*** Begin section ***

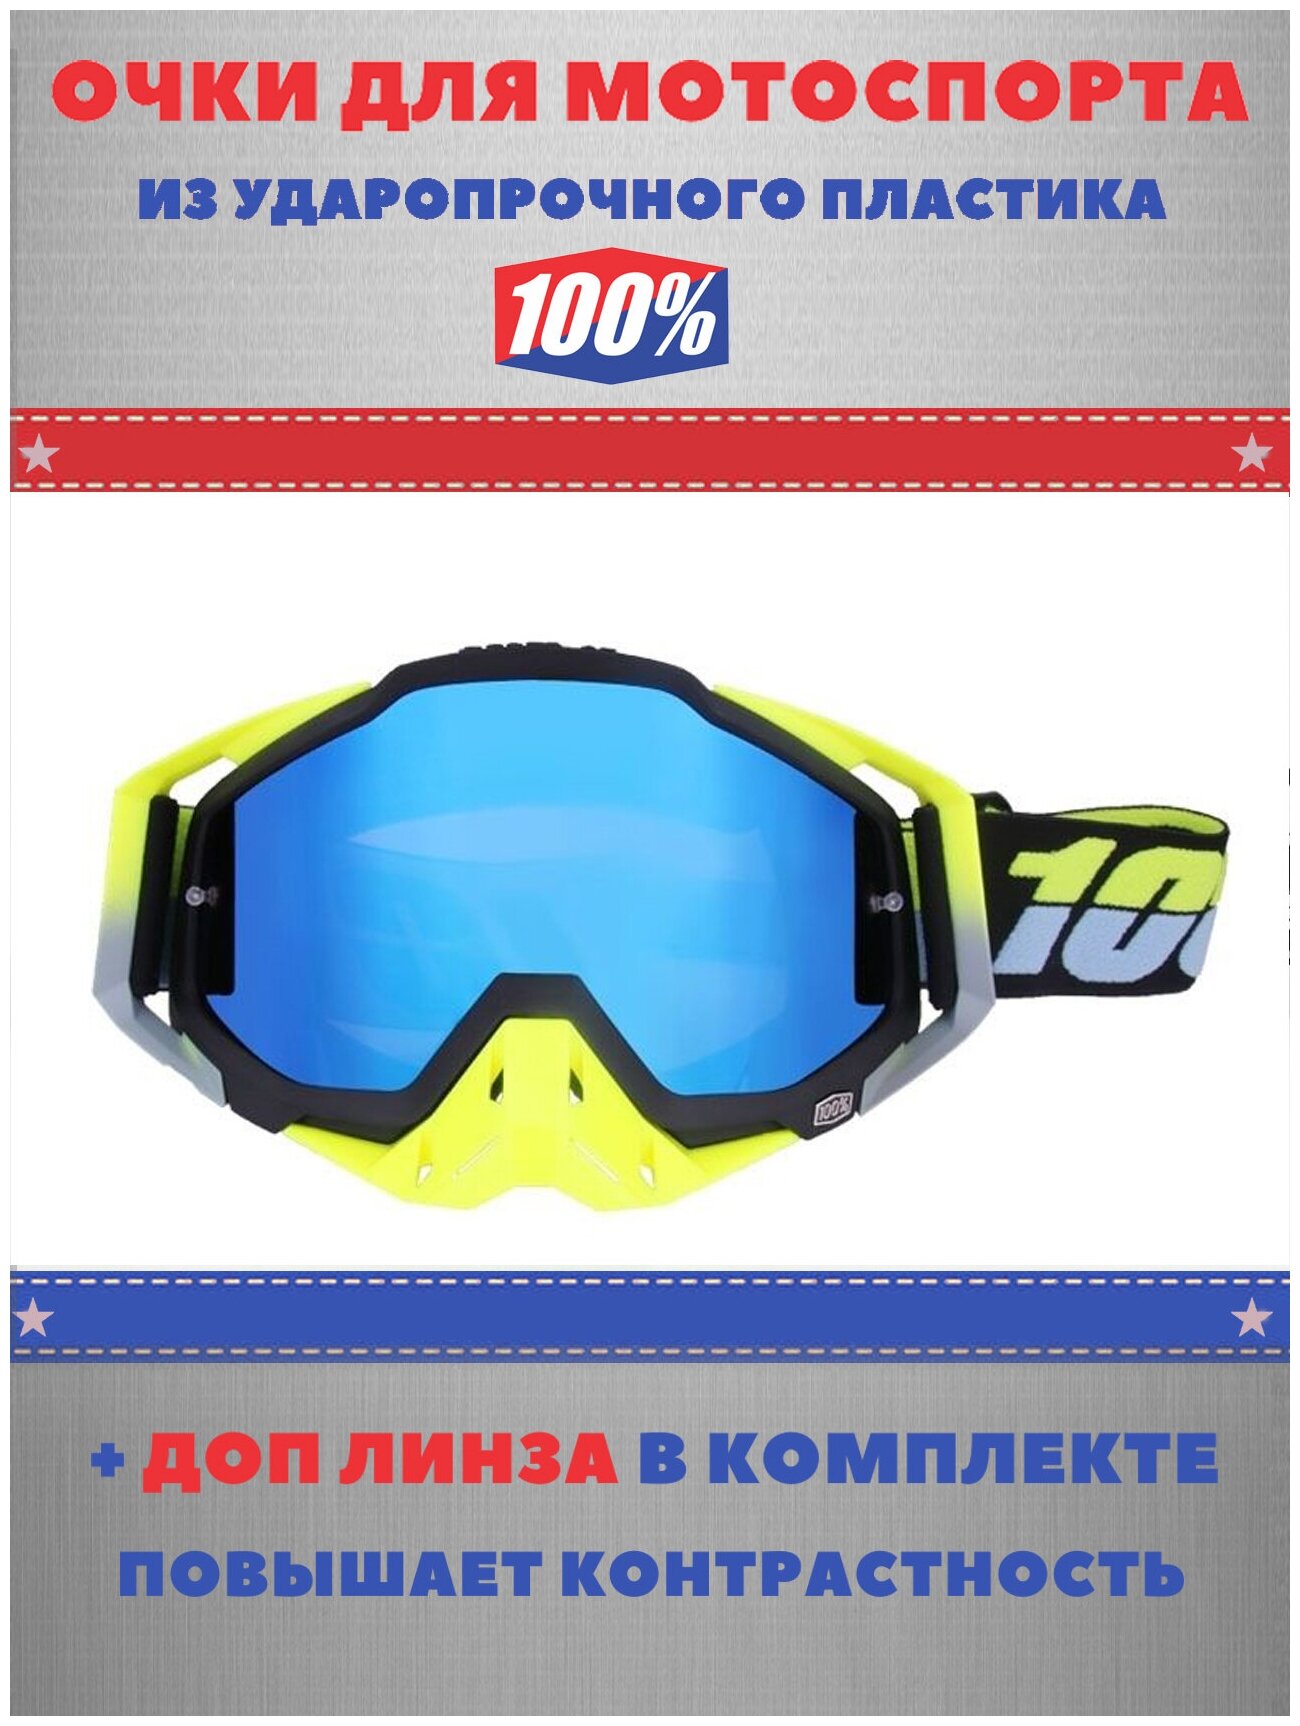 Кроссовые очки (маска) MX 100% для мотокросса, эндуро, питбайка, ATV сине-желтые
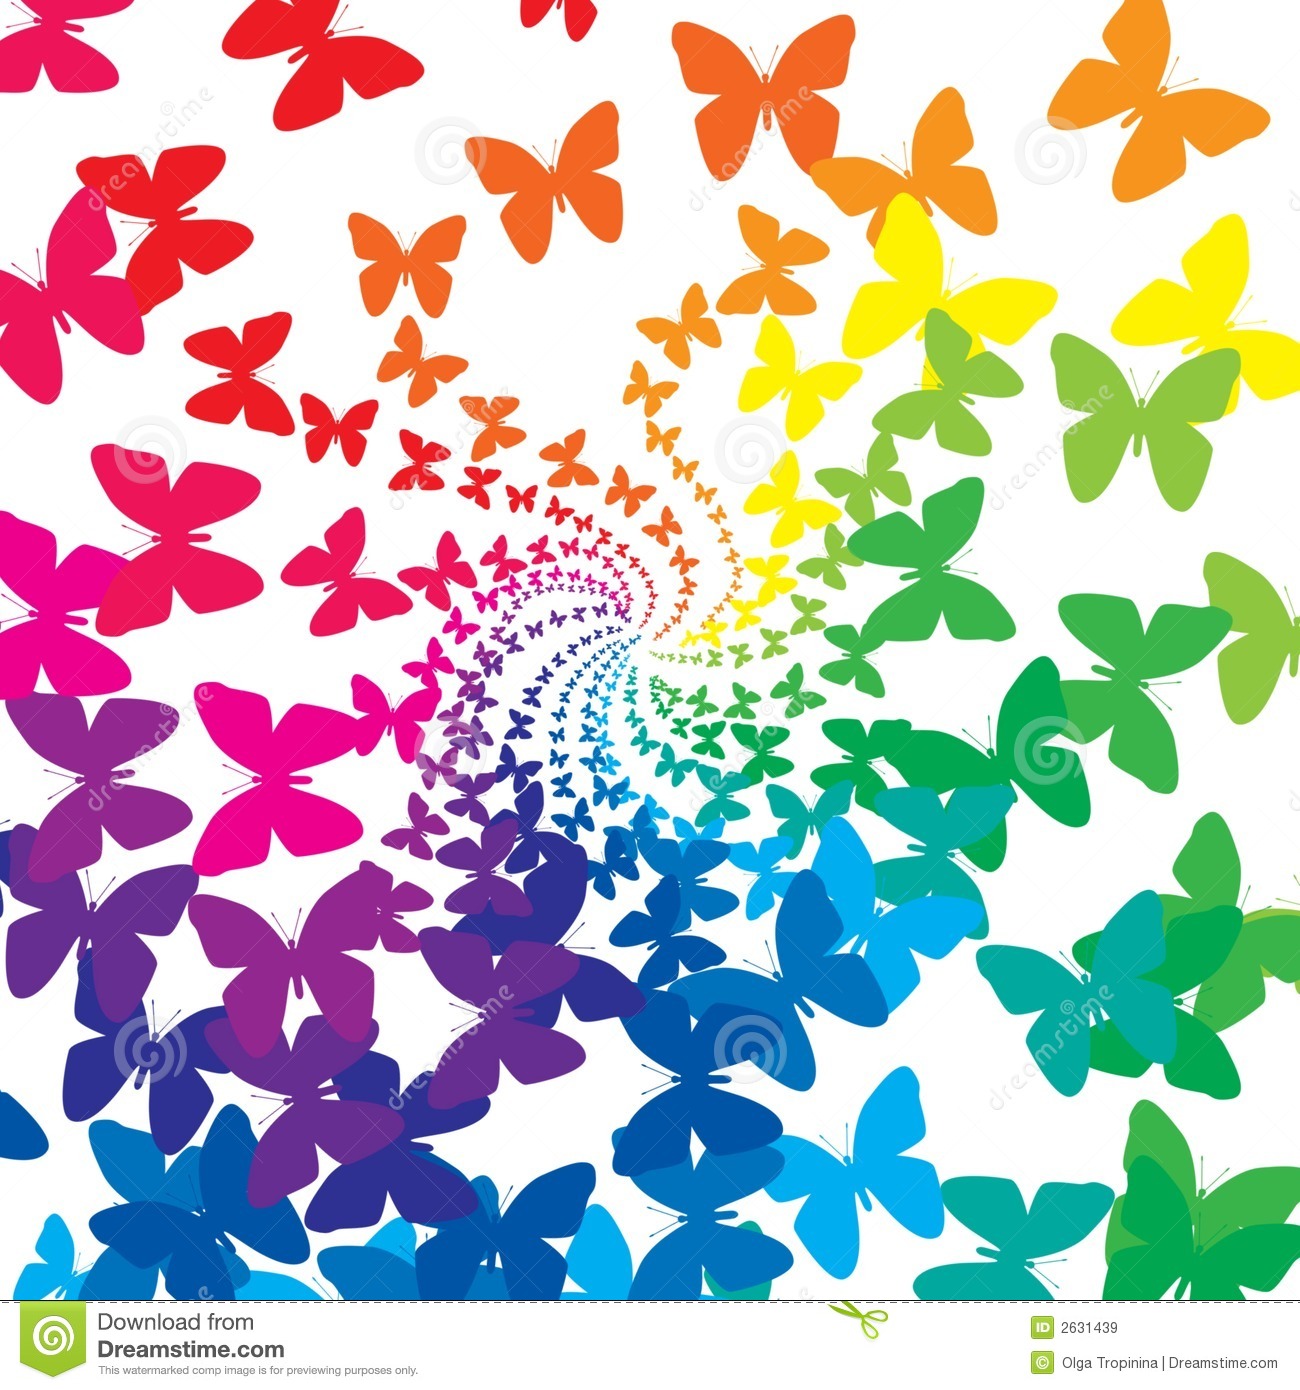 Els secrets d’en Miquel i les papallones de colors
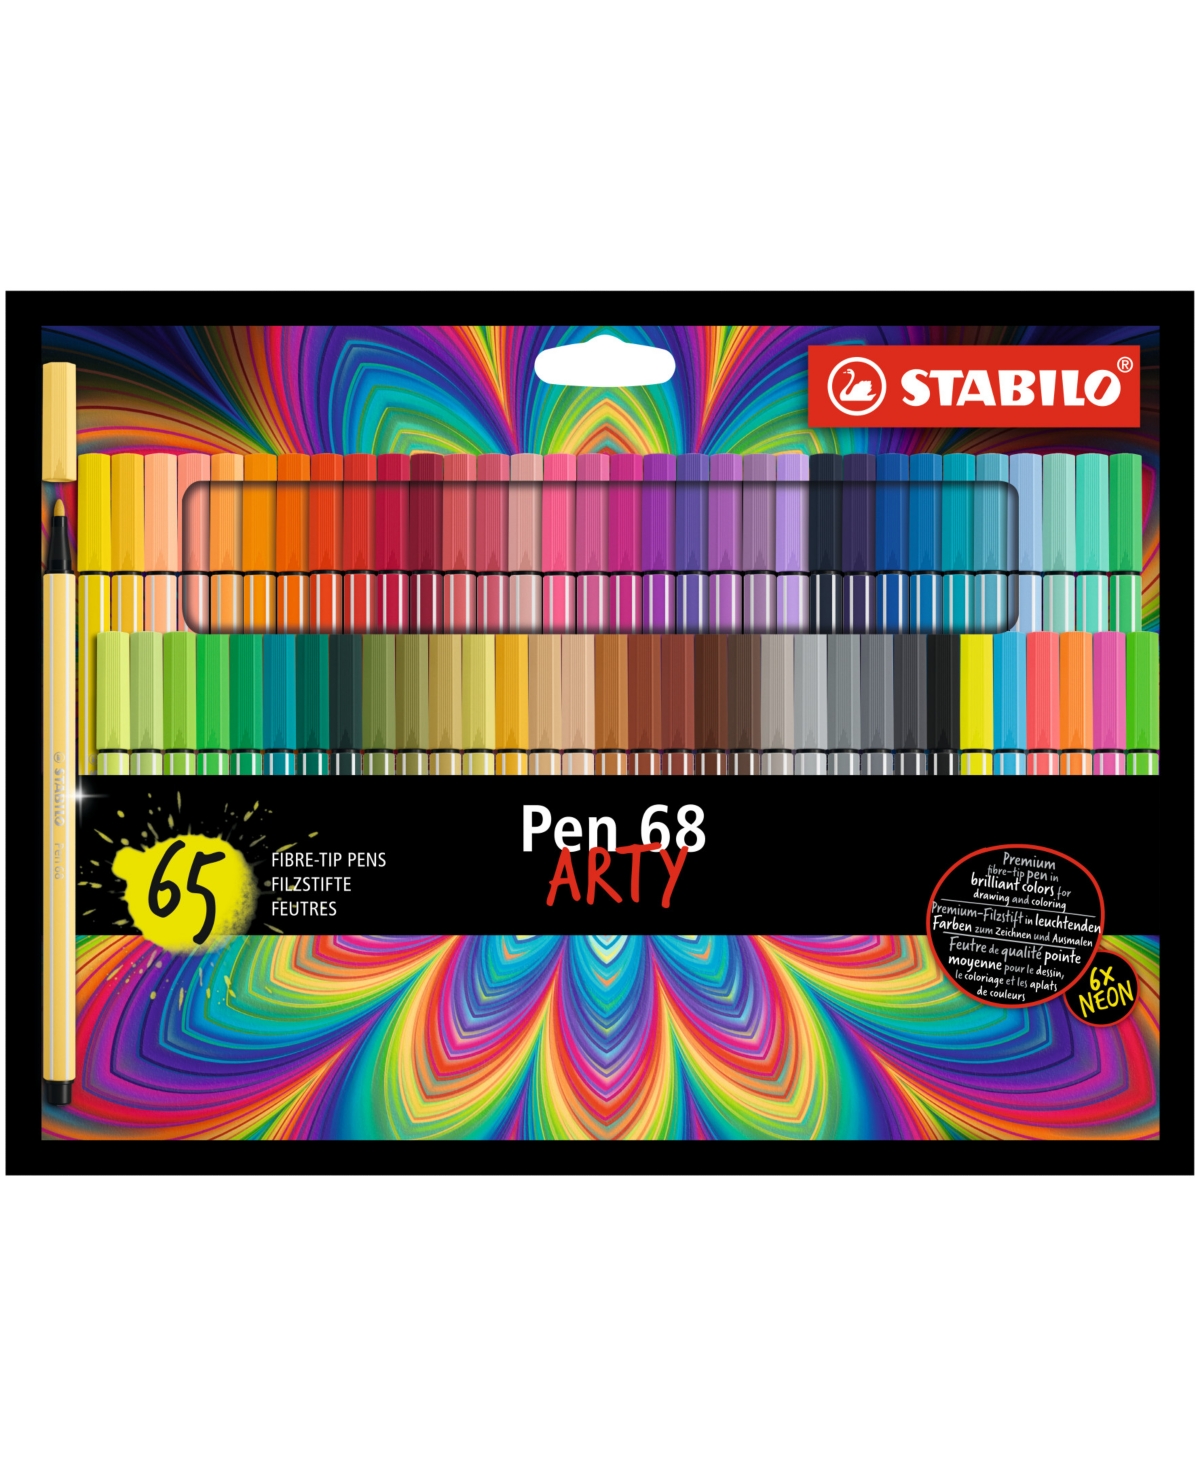 Pen 68 Pens Arty 65 Piece Set - Multi

*** End section ***

What is needed: All of the data above needs to be retyped exactly, with the pictures removed.

Exercise output:
 Кроссовые очки (маска) MX 100% для мотокросса, эндуро, питбайка, ATV сине-желтые
 Els secrets d’en Miquel i les papallones de colors
 Pen 68 Pens Arty 65 Piece Set - Multi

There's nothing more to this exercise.